What interested me about Orlando’s production was its feel of on-the-ground reporting. Some of the best moments in the play come from secondary characters, such as a downtown boutique owner whose relentless cattiness can’t cover an impulse for compassion, and who muses about the smell of the fallen towers, which, at the time of the play, is still burning, and is likey toxic. With one exception, the New Yorkers in this play aren’t crying out for revenge. They’re desperate for normalcy, instead; they want to rebuild. 

Everybody in the play is chagrined. The television comic is played by David Hanbury, who is perhaps best-known for his character Mrs. Smith. He is an actor who is extraordinarily practiced at the sardonic and the absurd, which are his character’s default reactions here. But he squirms with self-loathing every time he is called on it. He’s right about the way the fall of the towers has started pushing this country in a loathsome direction, and he’s right to speak against it, even just as part of a late-night comedy routine. But he loathes himself as well. Hanbury’s job in the play is to be a truth-teller, and that’s a task always marked by cruelty, and, as the play progresses, he just doesn’t want to be cruel anymore.
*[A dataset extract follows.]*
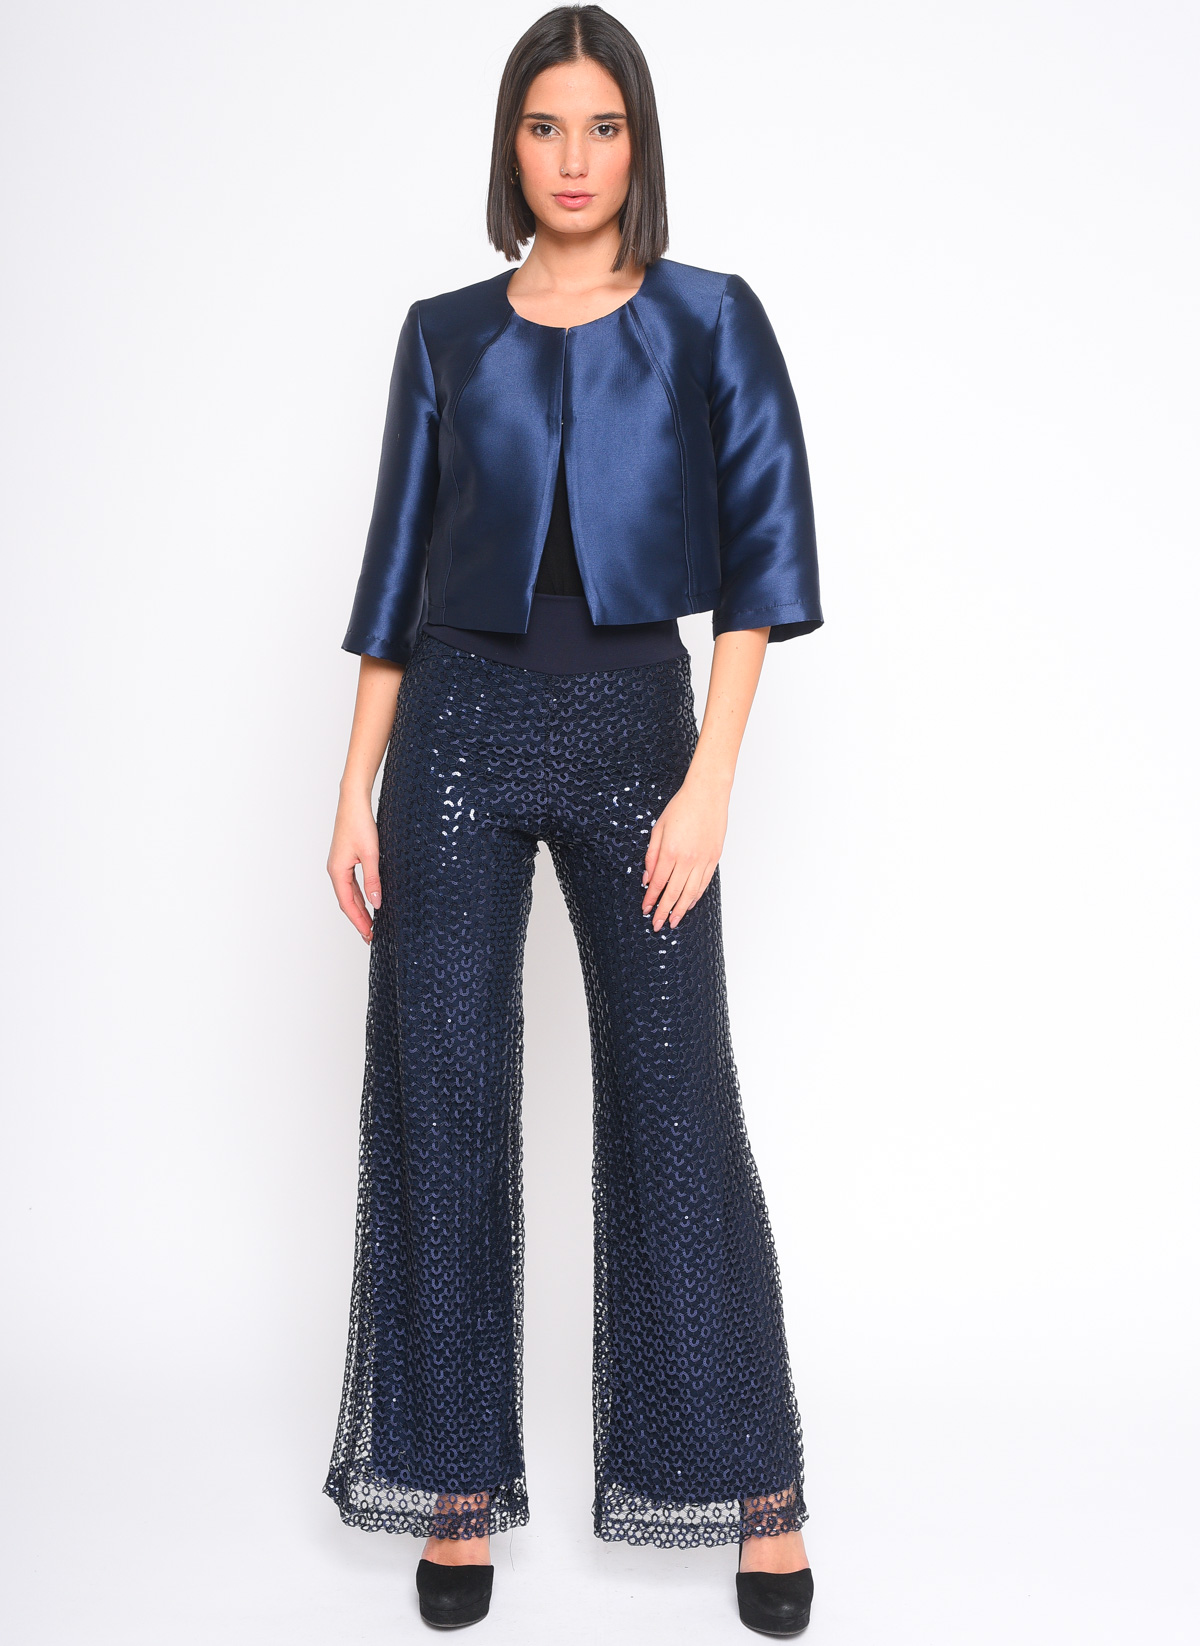 GIACCA BOLERO IN SHANTUNG for women - BLUE - Paquito Pronto Moda Shop Online

Likewise, the Russian, played bigly and loudly by Luverne Seifert, is a man of regrets. He has helped develop weapons of mass destruction, one of which he claims to carry in a vodka bottle in his pocket. He’s publicly falling apart at the start of the play, and by the end of it has become a slovenly drunk, mostly, it seems, to suppress a feeling that people can be so terrible that perhaps they earn whatever destruction comes their way. These are big characters with big moments, and they often seem like they were chosen so that Orlando could explore large ideas. But, for my tastes, the most striking moment in the play is one of the smallest — it’s one of the few memories that the amnesiac girl still has, and it torments her. It’s not from 9/11, but from years previously, when she witnessed a young woman become violently ill on a subway train. The amnesiac, played by Laurel Armstrong, recounts this experience with almost expressionistic shame, as her response to the sick woman was not concern, but rage.

The play is a snapshot of a terrible moment, 10 years ago, playing out on an almost bare stage designed by Paul Herwig (also of Off-Leash Area) which mostly consists of two massive black squares on the floor, likely representing the destroyed World Trade Center in the same way the New Yorker represented them after 9/11 by printing an entirely black cover with silhouettes of the tower printed in a very slightly darker shade of black — images designed to illustrate absence.

Like any snapshot, “A Short Play About 9/11” is necessarily incomplete — it’s a slim representation of a single moment in time. But it’s an unexpectedly hopeful snapshot, showing people at the edge of a tragedy attempting to band together, to comfort each other, instead of turning on each other. It’s a natural human impulse, and it’s one of our best impulses. Unfortunately, the event itself was surrounded by millions of additional snapshots, and they told takes of revenge, and unthinking nationalism, and xenophobia, and it twisted our country away from an impulse toward rebuilding and instead to an impulse toward destroying. Ten years after Orlando wrote his play, knowing what was to come afterward, it’s a very sad thing to see. In the face of tragedy, we could have shown the world ourselves as a nation at our very best. Instead, we couldn’t have been much worse.